E.Michael Helms Yikes, an entire re-write! Are you sure? Third-person can be effective. I certainly wasn't trying to influence you to go first-person. You know what YOU have to do. Go with your heart and soul.
--Michael


message 4: by M.J. (new)

M.J. Payne I know you weren't. I'm thinking on it. I think I'll write a scene from first-person and see how it goes. The problem is the dissociative identity thing in the protag. She splits. And she's unconscious during important scenes. I will go with my heart and soul. I always do. Please note, I appreciate nudges you have given very much. You are so talented, polished and accomplished that it inspires me to write my best. I need nudges from time to time. It doesn't matter if they lead me to question what I'm doing.


message 5: by M.J. (new)

M.J. Payne Thanks :-)


message 6: by E.Michael (new)

E.Michael Helms (M.J. wrote): You are so talented, polished and accomplished that it inspires me to write my best.

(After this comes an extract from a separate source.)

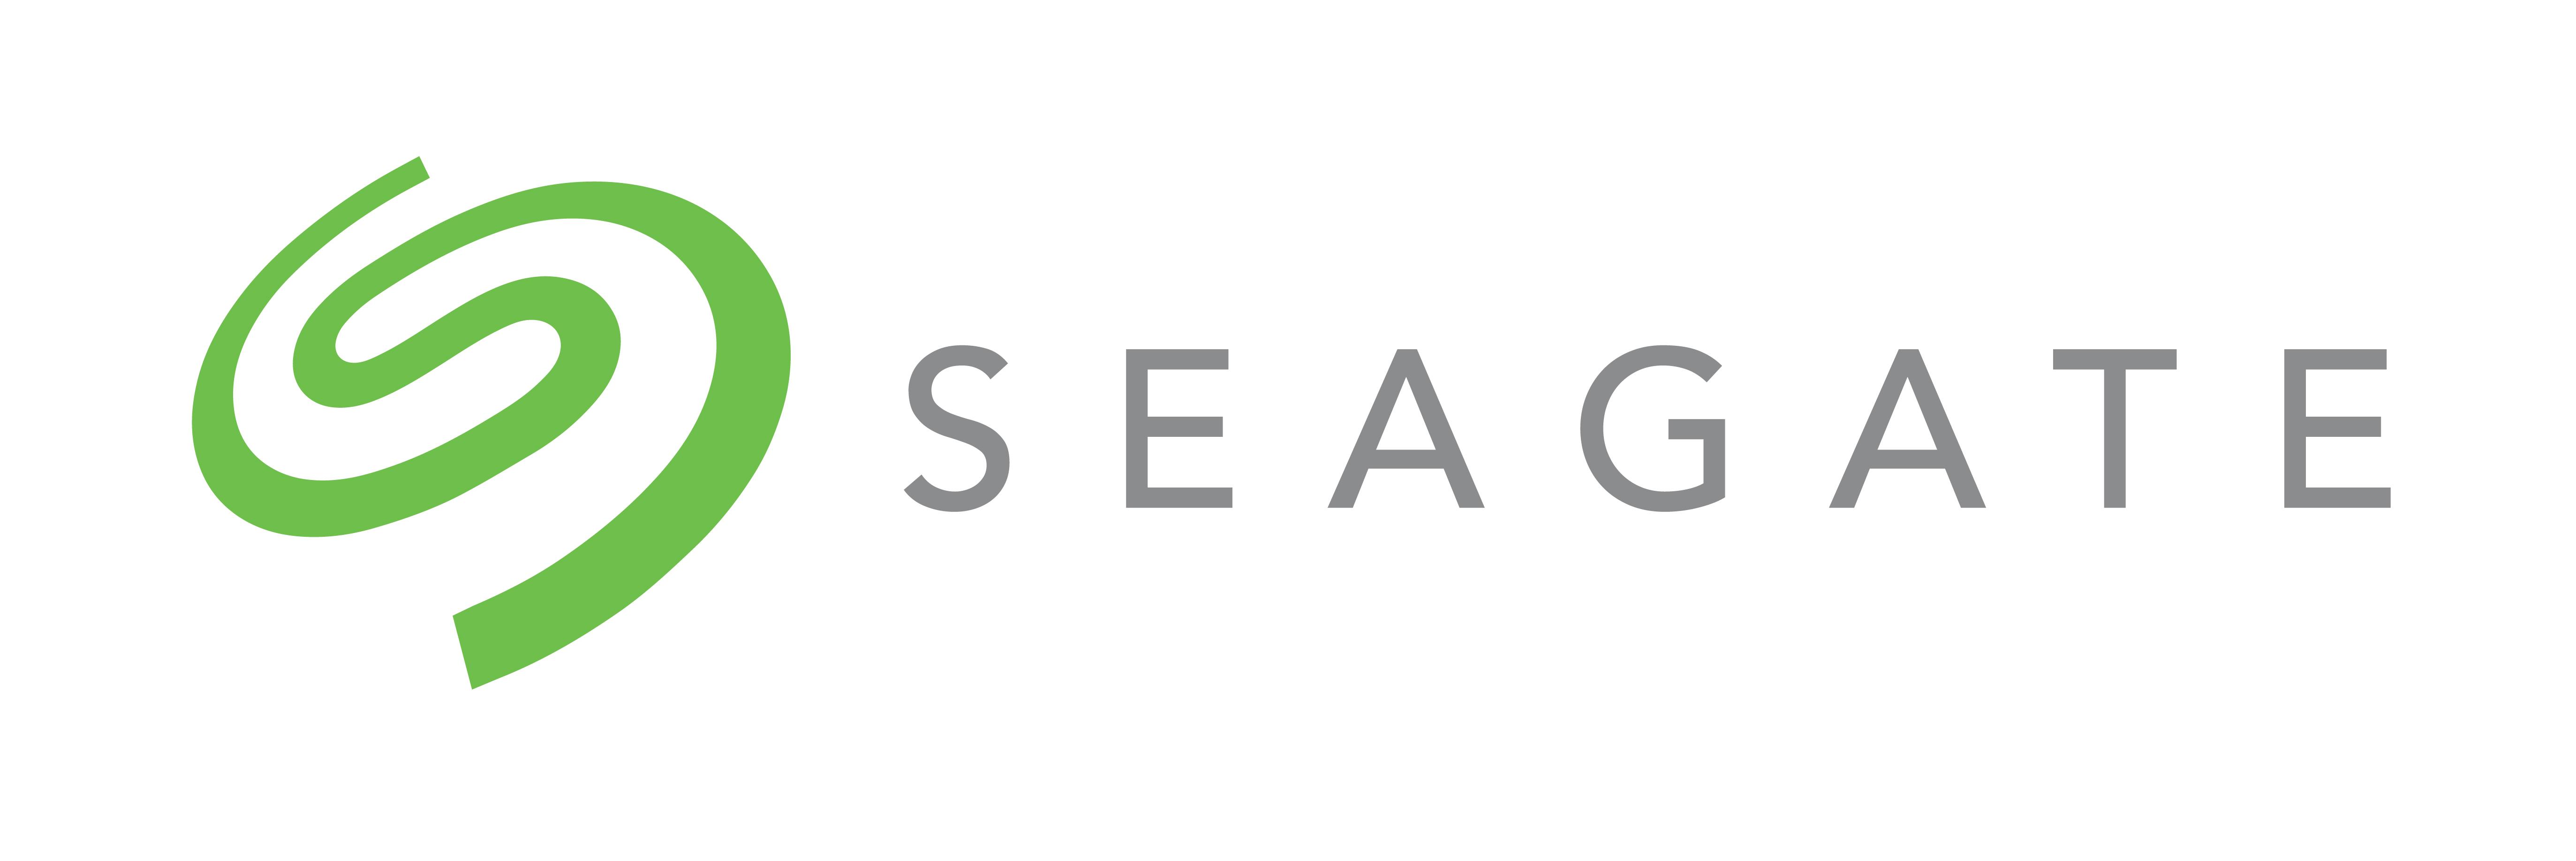 Seagate's logo.

Okay, now you're making me blush (uncomfortable). I've never taken compliments well (something my PTSD counselor and I talked about many times). I simply don't see where what I do is any big deal. I write; I've had modest success. It is what it is. My life experiences are to be credited (blamed?) for who I am and what I do. I've simply learned (finally!) to go with the flow. :-)


message 7: by M.J. (new)

M.J. Payne Oh, I am sorry to make you blush. That would be interesting. You should learn to take compliments better as you have done much with your writing and are not the best judge of what you do for the writing you have done ( which is much) and the important things you do personally for other writers who have done less and who struggle with the ghost of PTSD. It is midnight and I have had some wine and feel better for it. There is a storm and lots of lightning. I really hope you understand how important it is for people to have someone to write to and nudges when they need them and to feel there is some contact in a world where writers, who are sensitive creatures but durable do have a struggle with things others don't deal with. Go with the flow and you never know if your success is modest or not. I say it is not modest. I dare say I know good writing when I see it and much better than good as well. I say soak in the comments and let the thank yous (is that a word) refresh your being and know that you are needed and blessed with special talent. I mean what I say and even more after some wine. :-) If everyone had such modest success we would all be happy. Don't let the PTSD take away from it.